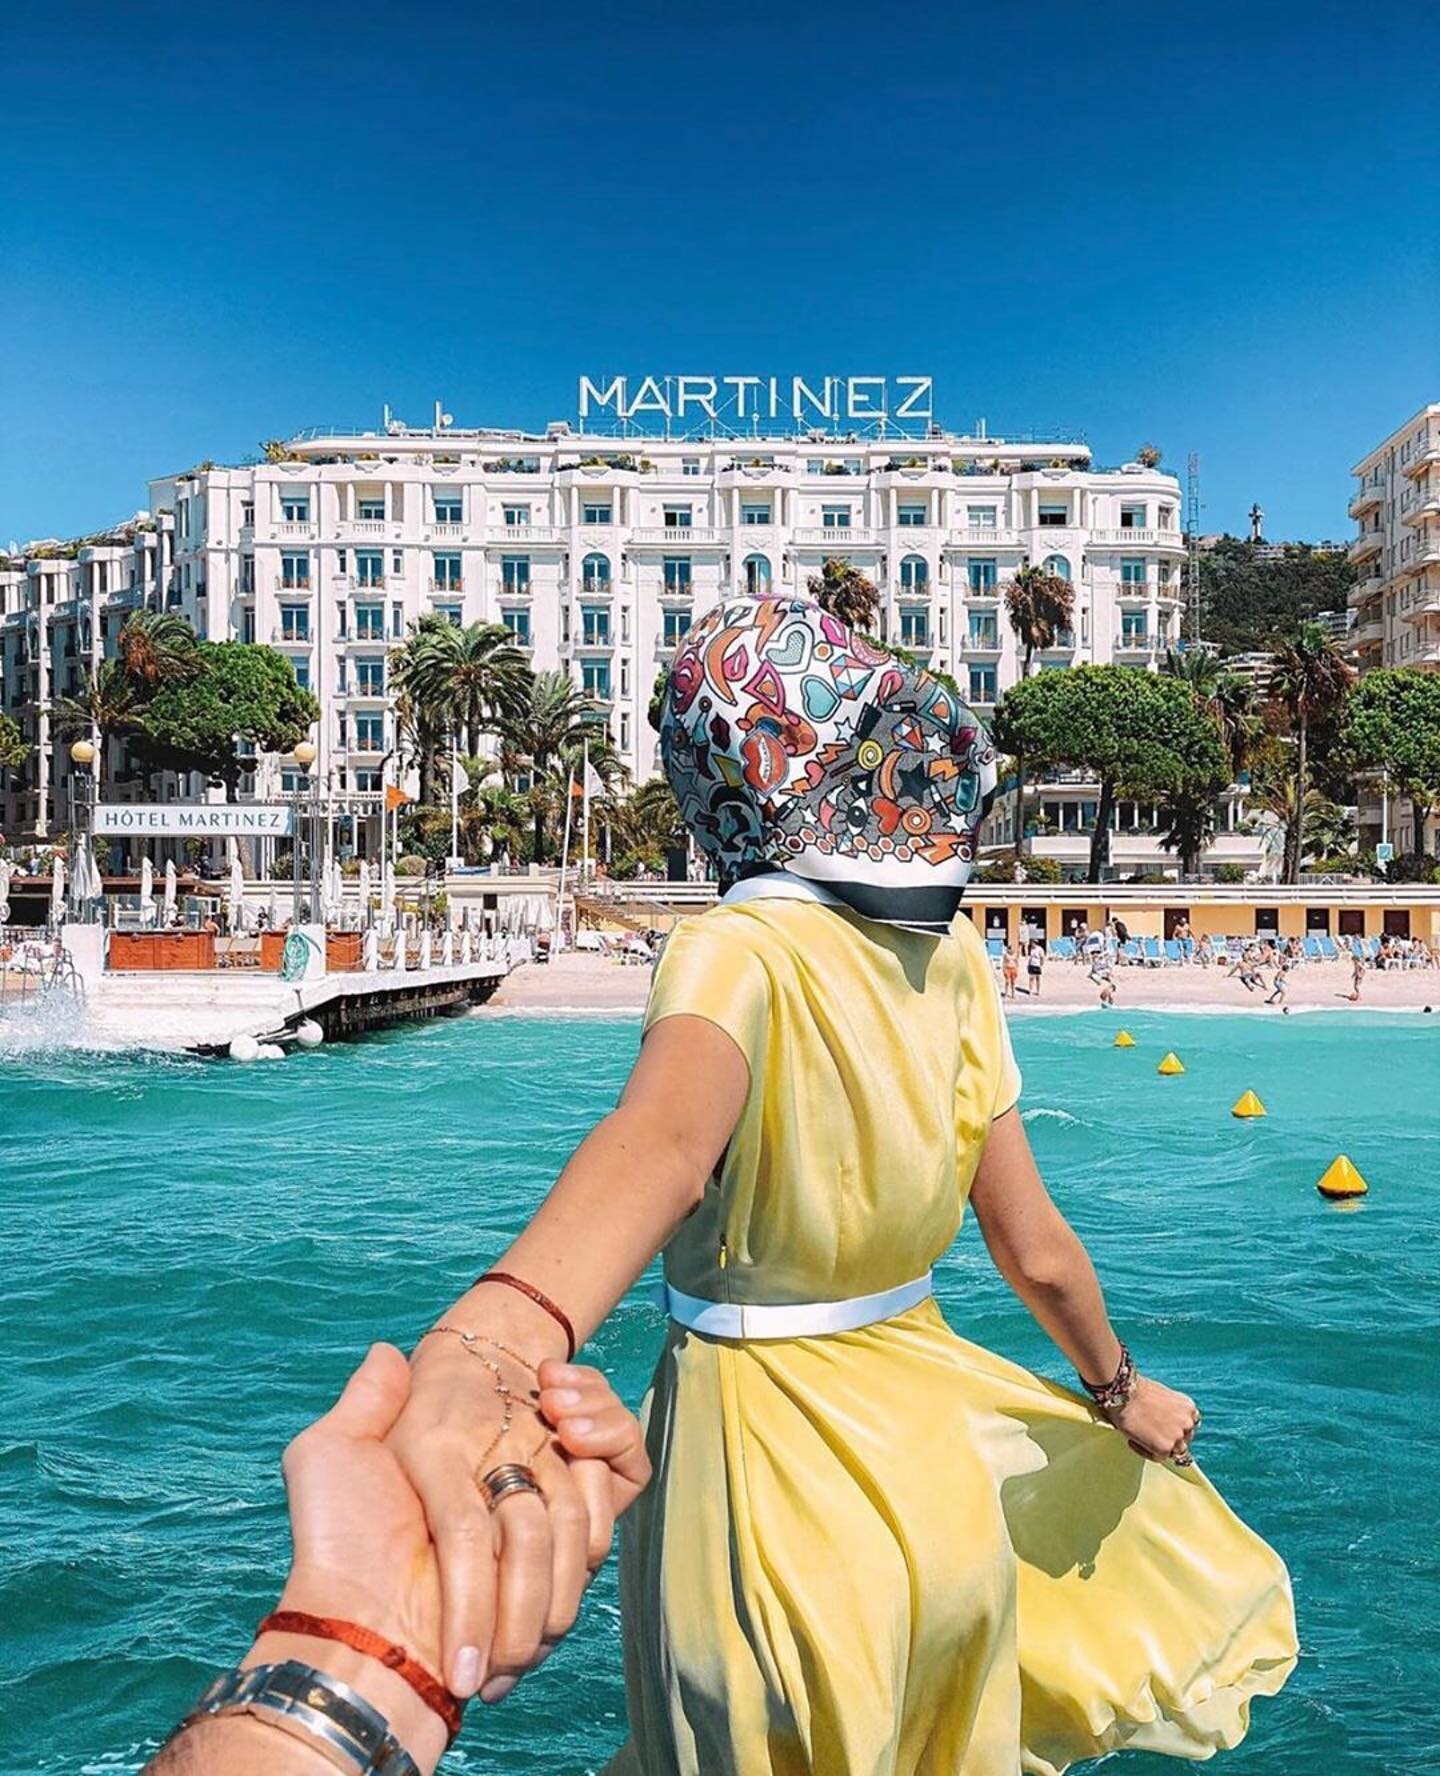 This is what the French Riviera dream looks like. 
&bull;&bull;&bull;&bull;&bull;&bull;
📍@martinezhotel in Cannes by 
📸@muradosmann
&bull;&bull;&bull;&bull;&bull;&bull;
Luxury Travel Planners  Road Trips  Healthy holidays  Yacht concierge services

• _PROBLEM STATEMENT_: Leave out the pictures and repeat everything else in the records exactly.

• _SOLUTION BELOW_:
 This is what the French Riviera dream looks like. 
&bull;&bull;&bull;&bull;&bull;&bull;
📍@martinezhotel in Cannes by 
📸@muradosmann
&bull;&bull;&bull;&bull;&bull;&bull;
Luxury Travel Planners  Road Trips  Healthy holidays  Yacht concierge services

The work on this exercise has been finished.